Your goal: What is needed is a word-for-word copy of the listing below, without pictures.

Data:

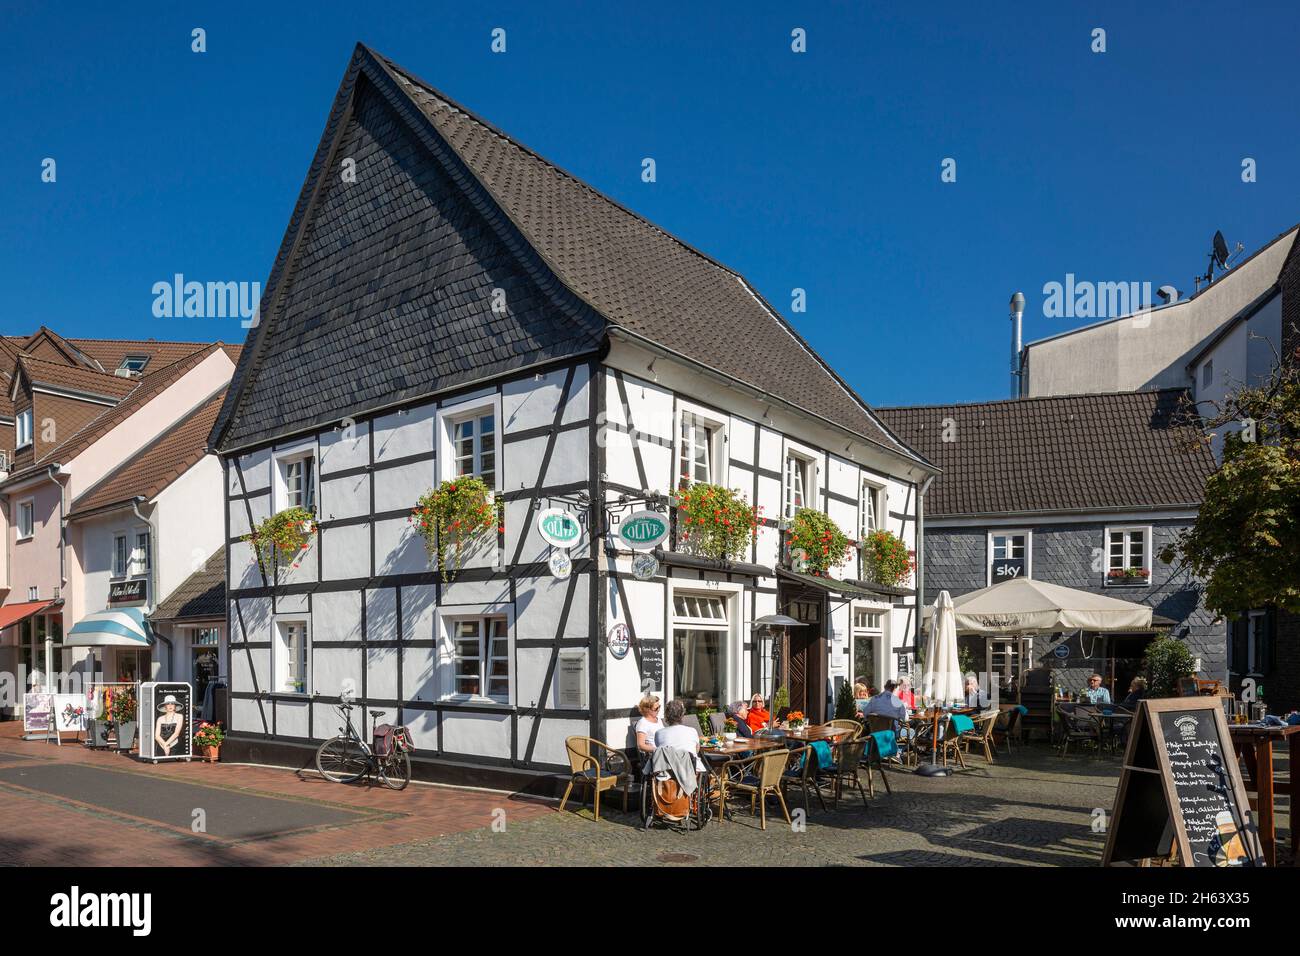 germany,hilden,bergisches land,niederbergisches land,niederberg,rhineland,north rhine-westphalia,nrw,half-timbered house markt 6,restaurant,people sitting at tables in the street cafe Stock Photo
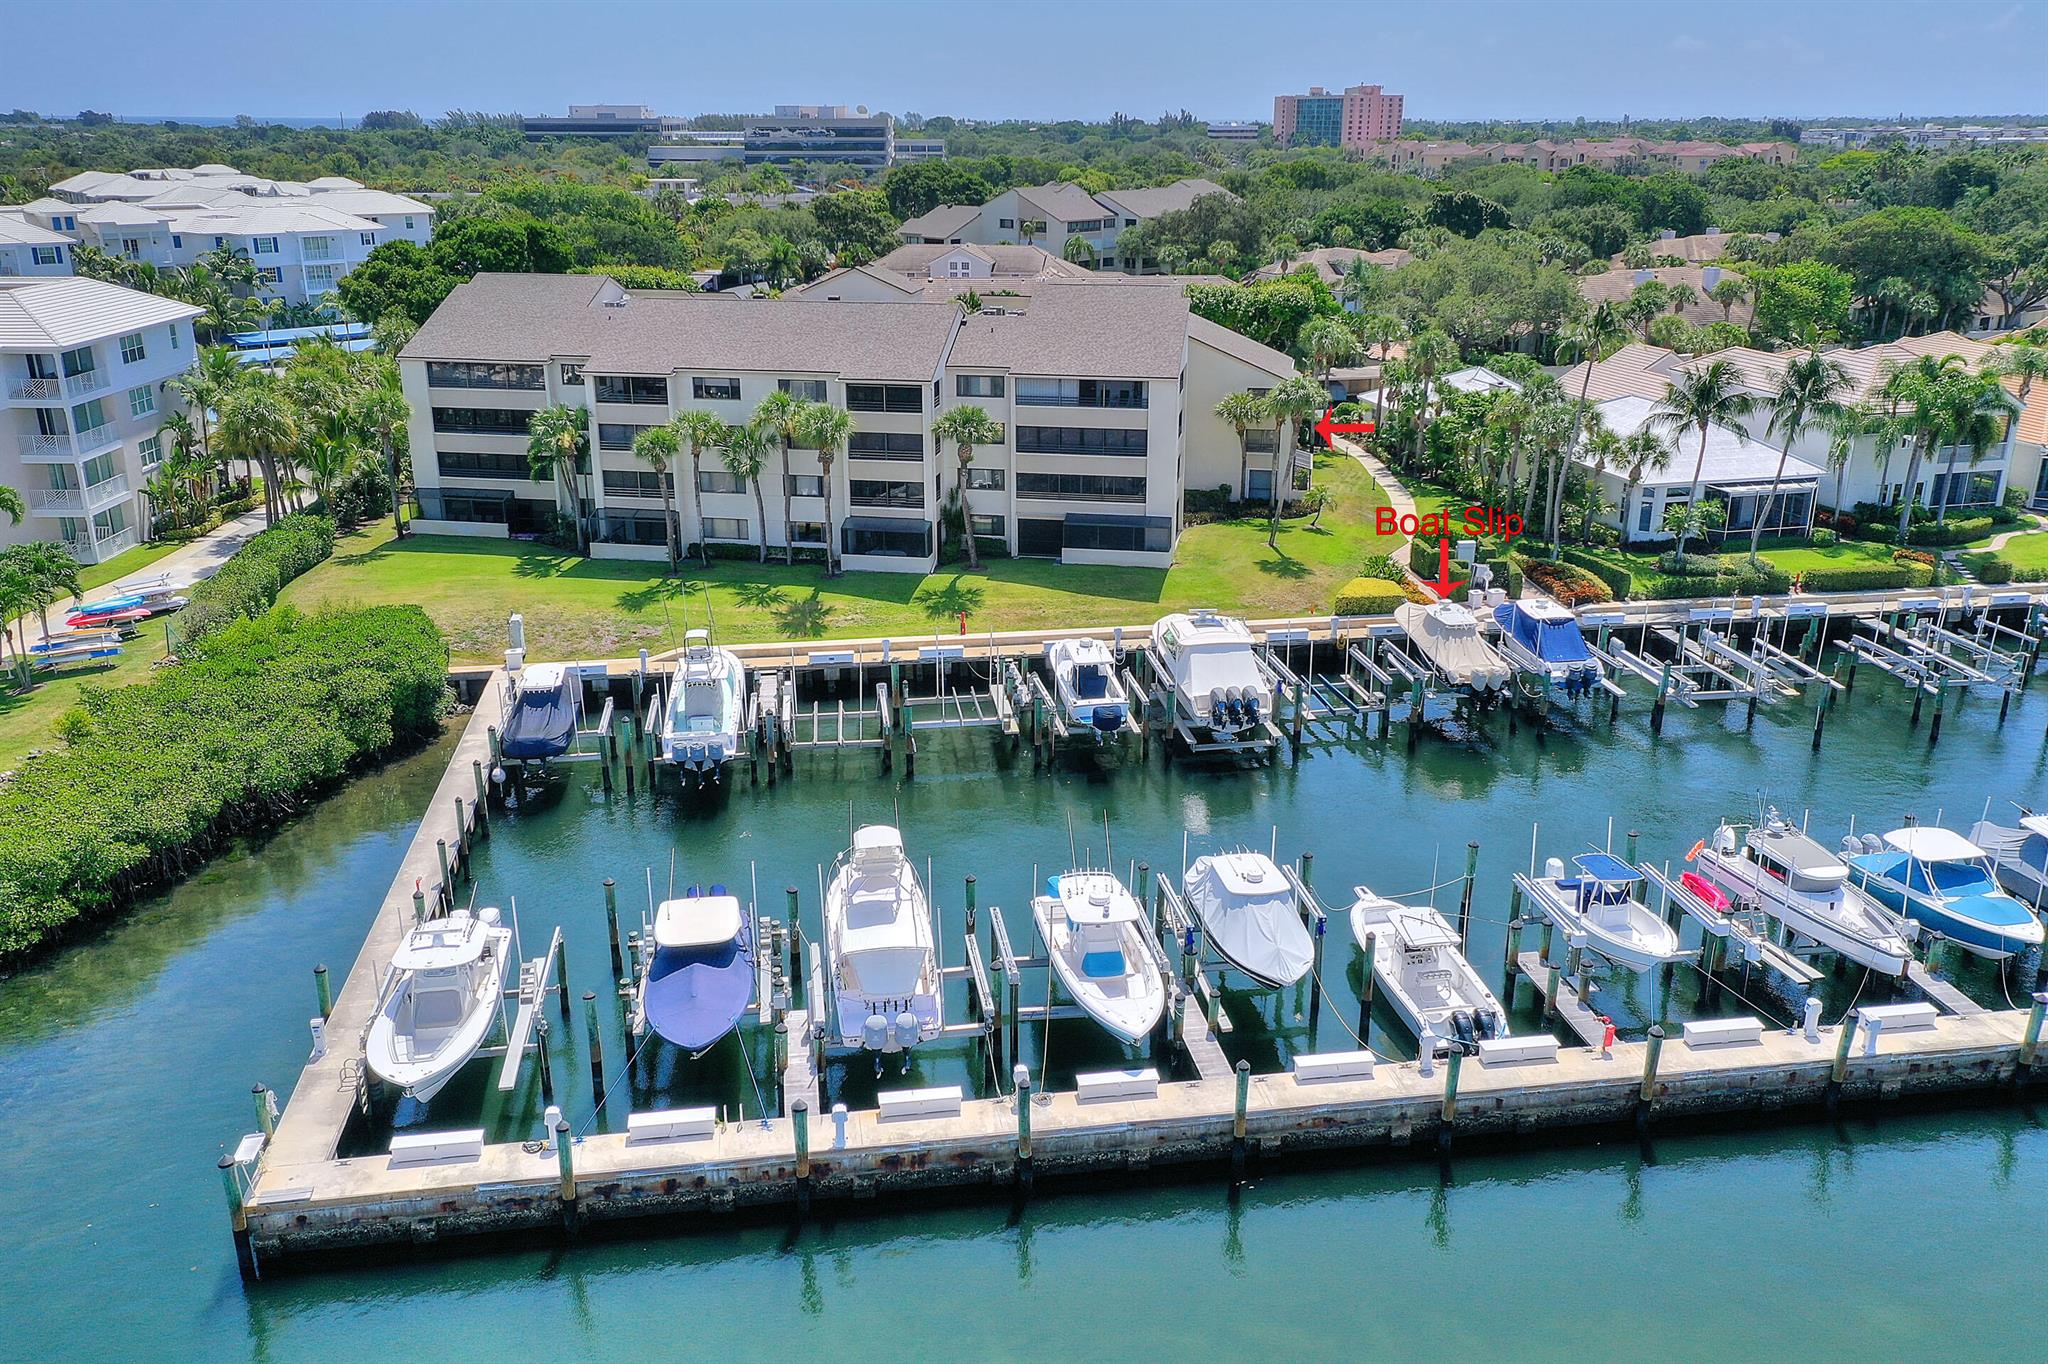 BOATERS PARADISE. CONDO AND DOCK. Beautiful waterfront condo first floor end unit a few steps to your boat dock. Dock is D-08 and has electric & water with a 20000 pound boat lift. Built in 2020. This is nestled amongst a gorgeous tree lines streets and mature landscaping. 2 bedroom and 2 bathrooms. Open floor plan. Screened in patio with a peek of Intracoastal. Clubhouse and fitness center, 2 pools, tennis courts. Resort style living with the beach and restaurants close by. Easy, relaxed living with all of the best of Florida has to offer.
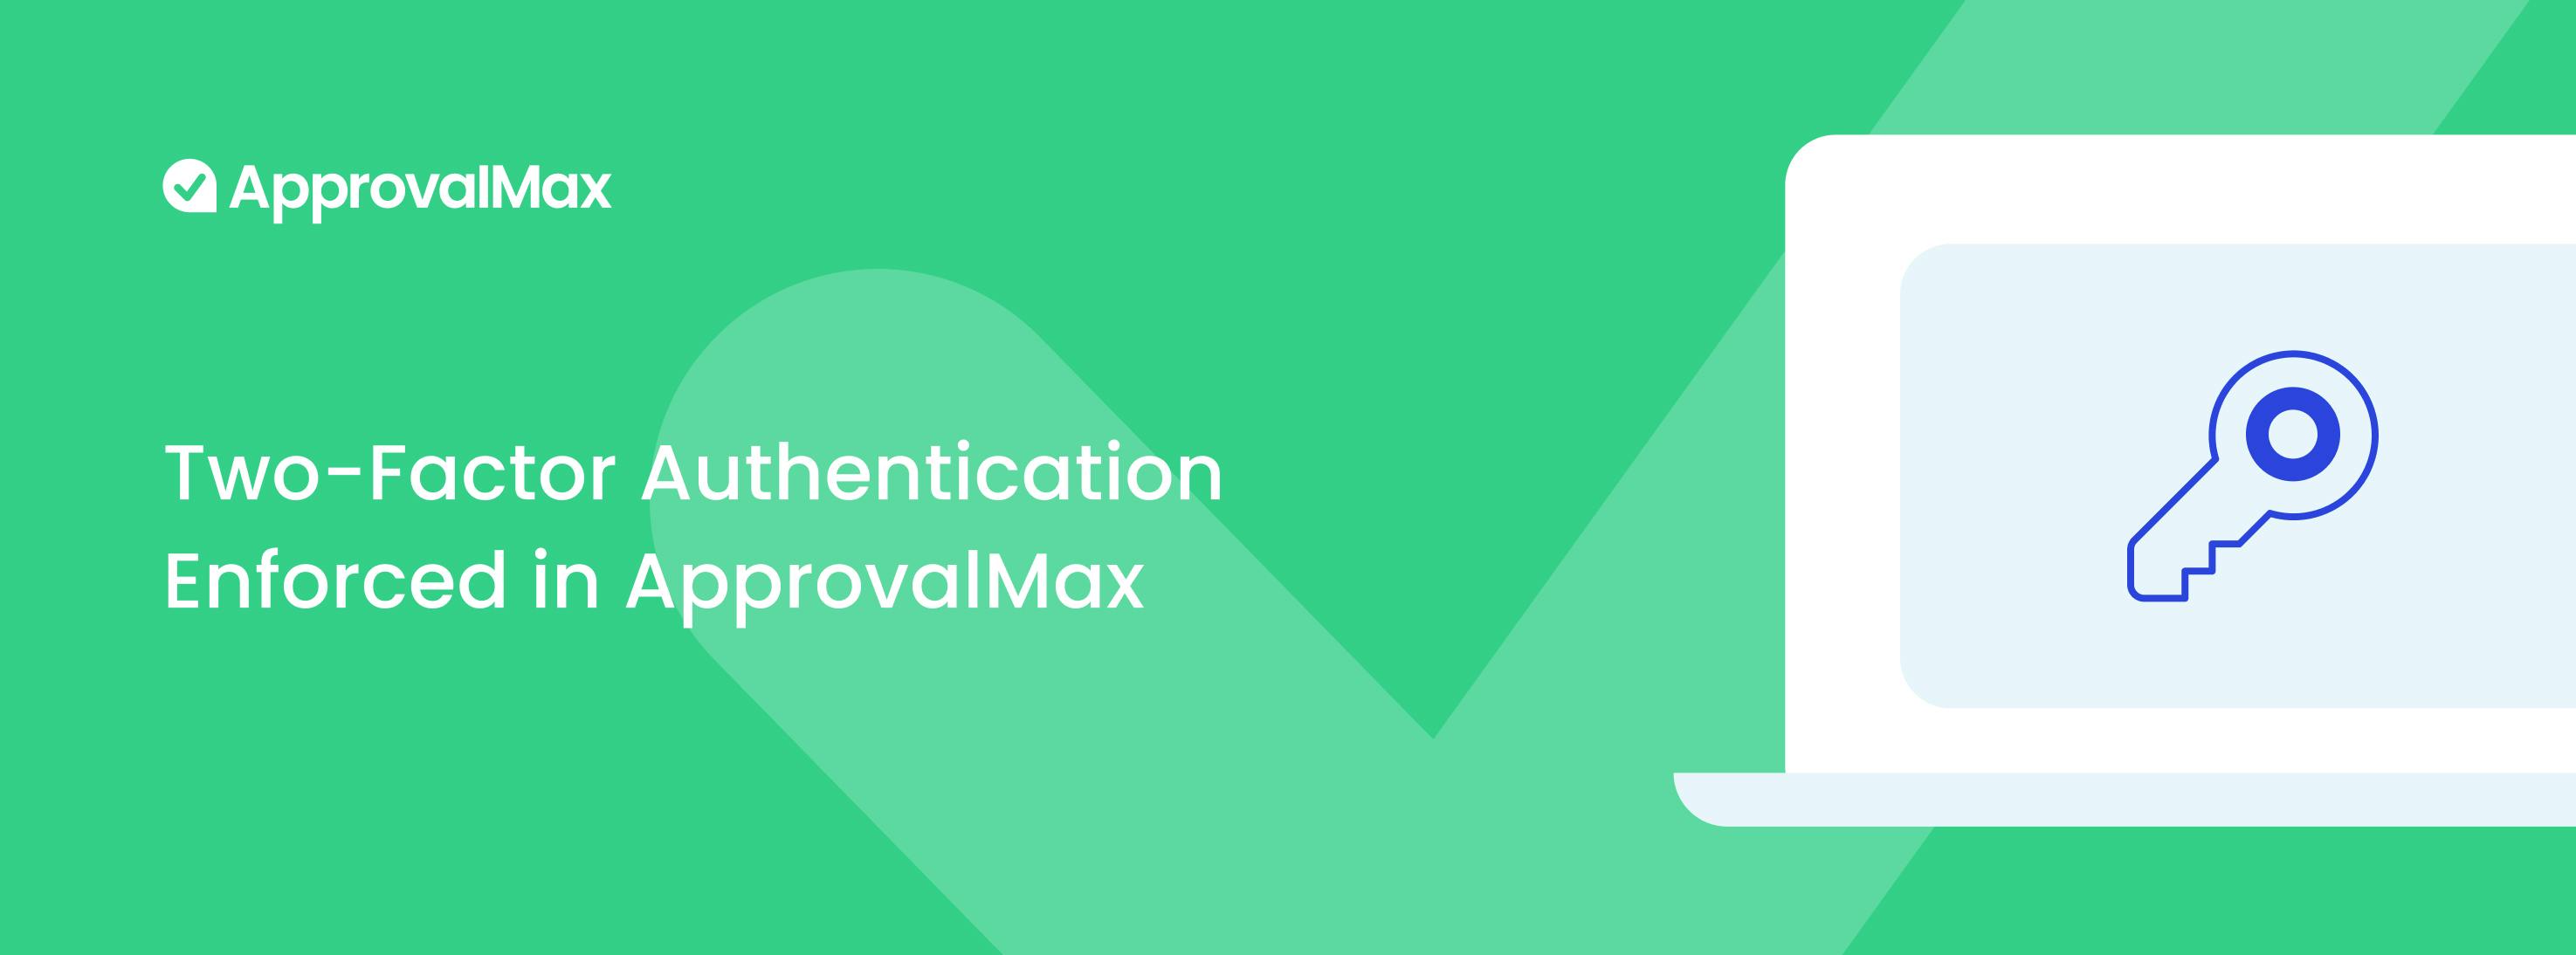 Two-Factor Authentication Enforced in ApprovalMax logo

Reply to the task:
 germany,hilden,bergisches land,niederbergisches land,niederberg,rhineland,north rhine-westphalia,nrw,half-timbered house markt 6,restaurant,people sitting at tables in the street cafe Stock Photo
 BOATERS PARADISE. CONDO AND DOCK. Beautiful waterfront condo first floor end unit a few steps to your boat dock. Dock is D-08 and has electric & water with a 20000 pound boat lift. Built in 2020. This is nestled amongst a gorgeous tree lines streets and mature landscaping. 2 bedroom and 2 bathrooms. Open floor plan. Screened in patio with a peek of Intracoastal. Clubhouse and fitness center, 2 pools, tennis courts. Resort style living with the beach and restaurants close by. Easy, relaxed living with all of the best of Florida has to offer.
 Two-Factor Authentication Enforced in ApprovalMax logo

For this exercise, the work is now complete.